For the agents, each agent at any time t can be represented by an oriented box as a tuple (x_t, y_t, θ_t′, w_t, l_t) where (x_t, y_t) denotes the agent's center position in the top-down coordinate system, θ_t denotes the heading or orientation, and w_t and l_t denote box dimensions. The input representation generation engine 120 can represent the agents as a set of points ^a={p_i^a}={(x_i^a, y_i^a, s_i^a, q_i^a, t_i^a)} by uniformly sampling coordinates (x_i^a, y_i^a) from the interior of the oriented boxes with a fixed number of samples per dimension. The agent type one-hot vector q_i^a can identify one of a set of agent types, such as: vehicles, pedestrians, or cyclists. The state vector s_i^a for all the points p_i^a sampled from an agent j at a given time step t represents a global agent state given by:

$s_i^a=\left(\cos \left({\theta }_{j\left(t\right)}\right),\sin \left({\theta }_{j\left(t\right)}\right),{v_{j\left(t\right)}}_2,{a_{j\left(t\right)}}_2\right)$

where v_j(t) and a_j(t) are the j-th agent's velocity and acceleration at time step t. The time index t_i^a is a one-hot vector representing whether the point came from the current time step or from one of a fixed number of past history steps.

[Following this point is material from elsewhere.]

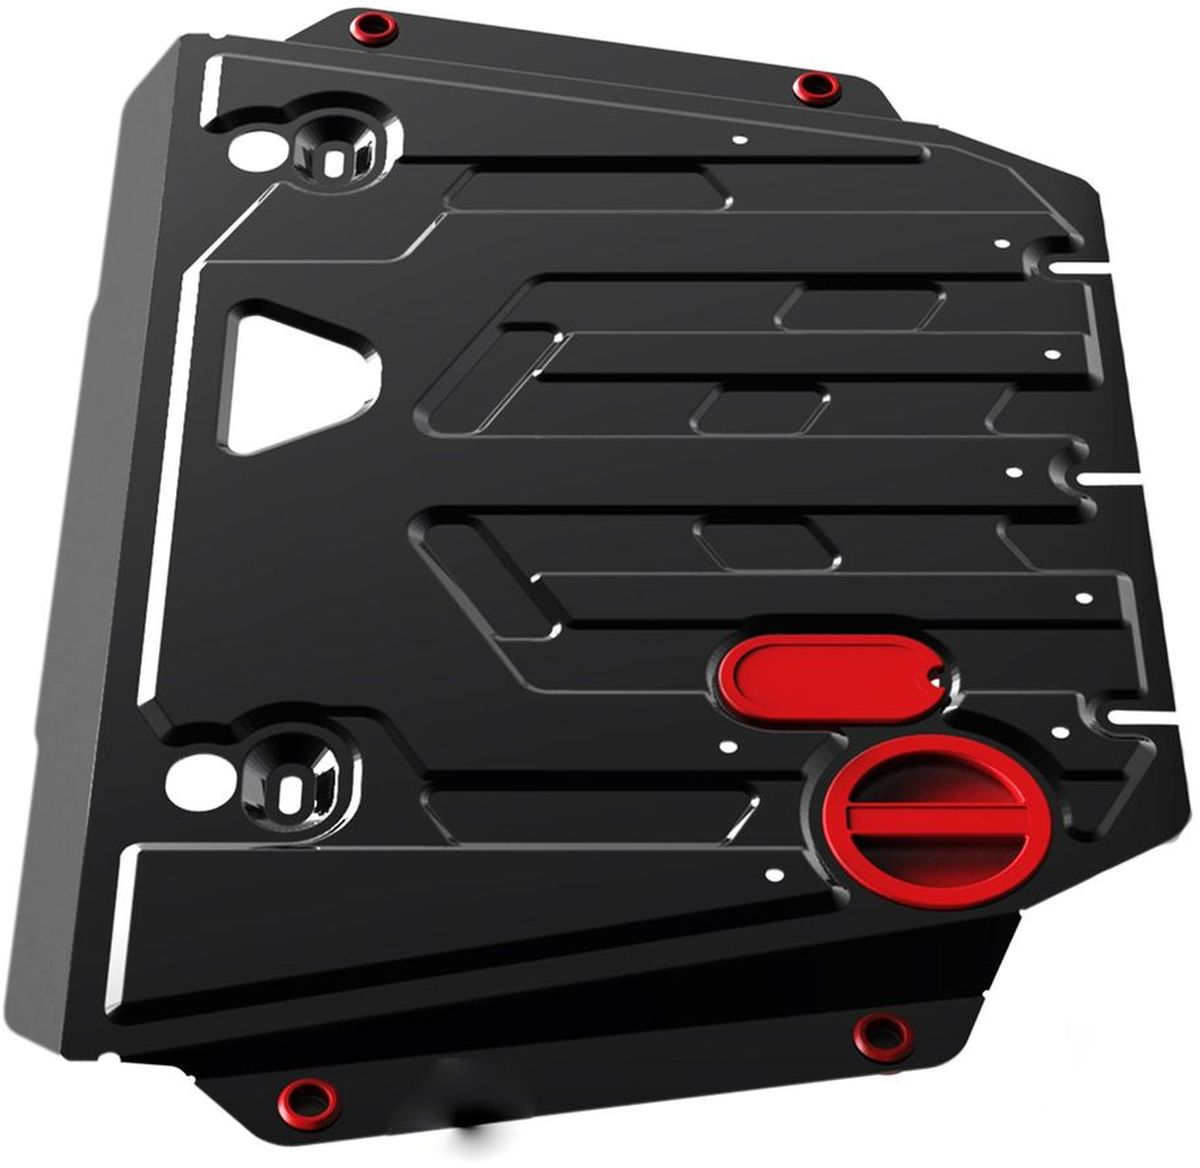 Защита картера и КПП Автоброня Honda Pilot 2012-, сталь 2 мм111.02127.1Защита картера и КПП Автоброня Honda Pilot, V - 3,5 2012-, сталь 2 мм, комплект крепежа, 111.02127.1Стальные защиты Автоброня надежно защищают ваш автомобиль от повреждений при наезде на бордюры, выступающие канализационные люки, кромки поврежденного асфальта или при ремонте дорог, не говоря уже о загородных дорогах.- Имеют оптимальное соотношение цена-качество.- Спроектированы с учетом особенностей автомобиля, что делает установку удобной.- Защита устанавливается в штатные места кузова автомобиля.- Является надежной защитой для важных элементов на протяжении долгих лет.- Глубокий штамп дополнительно усиливает конструкцию защиты.- Подштамповка в местах крепления защищает крепеж от срезания.- Технологические отверстия там, где они необходимы для смены масла и слива воды, оборудованные заглушками, закрепленными на защите.Толщина стали 2 мм.В комплекте крепеж и инструкция по установке.Уважаемые клиенты!Обращаем ваше внимание на тот факт, что защита имеет форму, соответствующую модели данного автомобиля. Наличие глубокого штампа и лючков для смены фильтров/масла предусмотрено не на всех защитах. Фото служит для визуального восприятия товара.
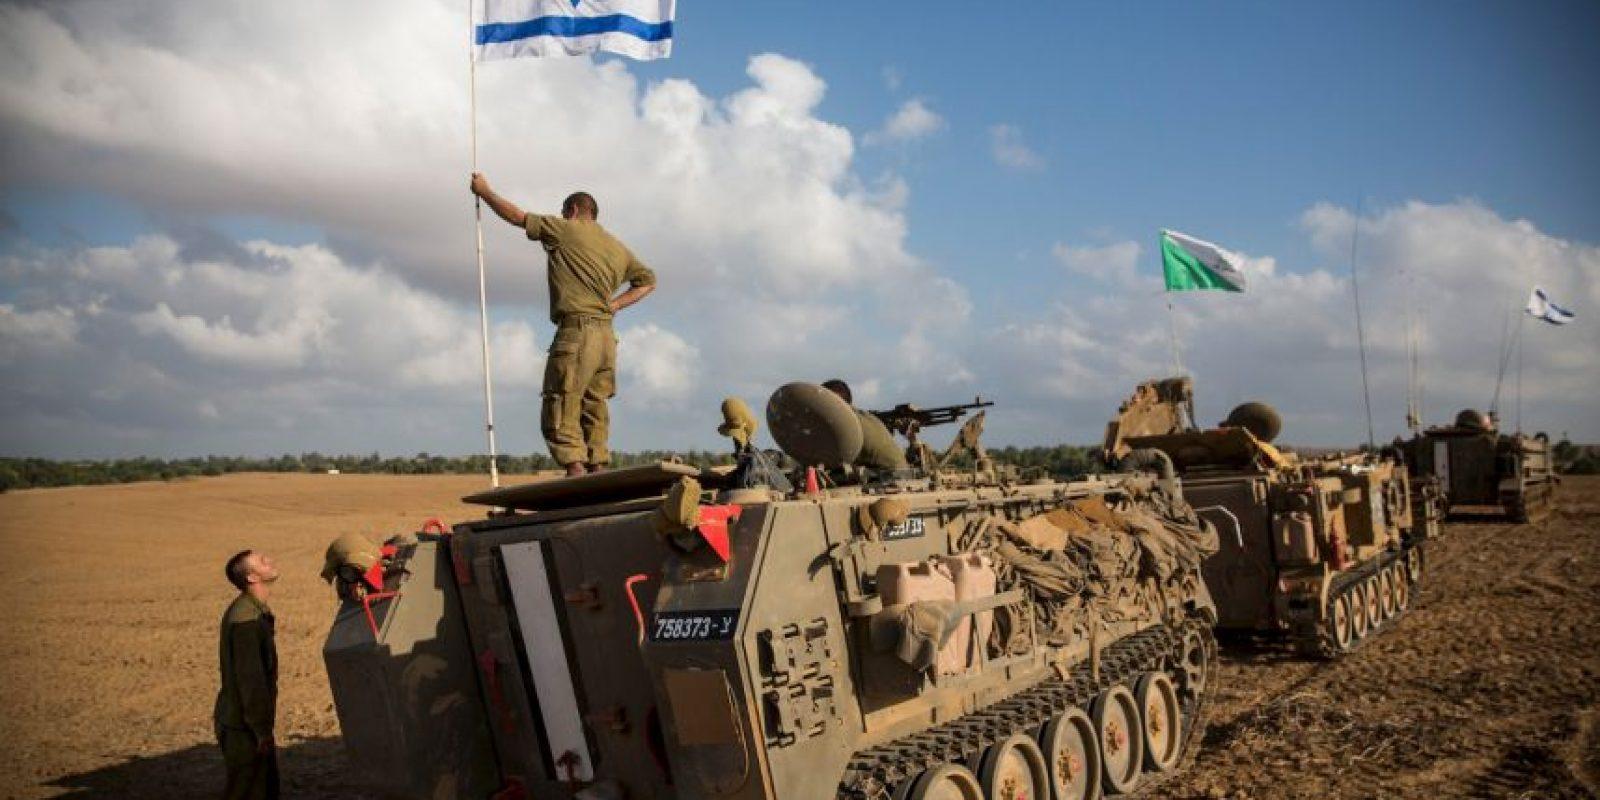 Un video grabado por una cámara de seguridad, y difundido este día, muestra que un oficial israelí que disparó a un joven palestino no corría peligro al momento de abrir fuego, hecho que contradice la versión oficial. Foto:Getty Images

In the particular example, the system 100 can generate points for traffic light states ^tl={p_i^tl}={(x_i^tl, y_i^ti, s_j^tl, q_i^tl, t_j^tl)} to represent dynamic road information by placing a point at the end of each traffic light controlled lane. The dynamic state vector s_i^tl for these points can specify one of: unknown, red, yellow, or green. The system can set the type vector q_i^tl to zero, and set the time index t_i^tl to encode the time step of the traffic light state.

An example input representation for these sets is illustrated in FIG. 1B, including representations for the road elements 132a, traffic lights 132b, agents (vehicles) 132c, and agents (pedestrians) 132d.

Referring back to FIG. 1A, the system 100 processes the encoder input including the point representation 132 using a point cloud encoder neural network 140 to generate a global feature map 142. The global feature map 142 includes respective features for each of a plurality of locations in the top-down representation of the environment.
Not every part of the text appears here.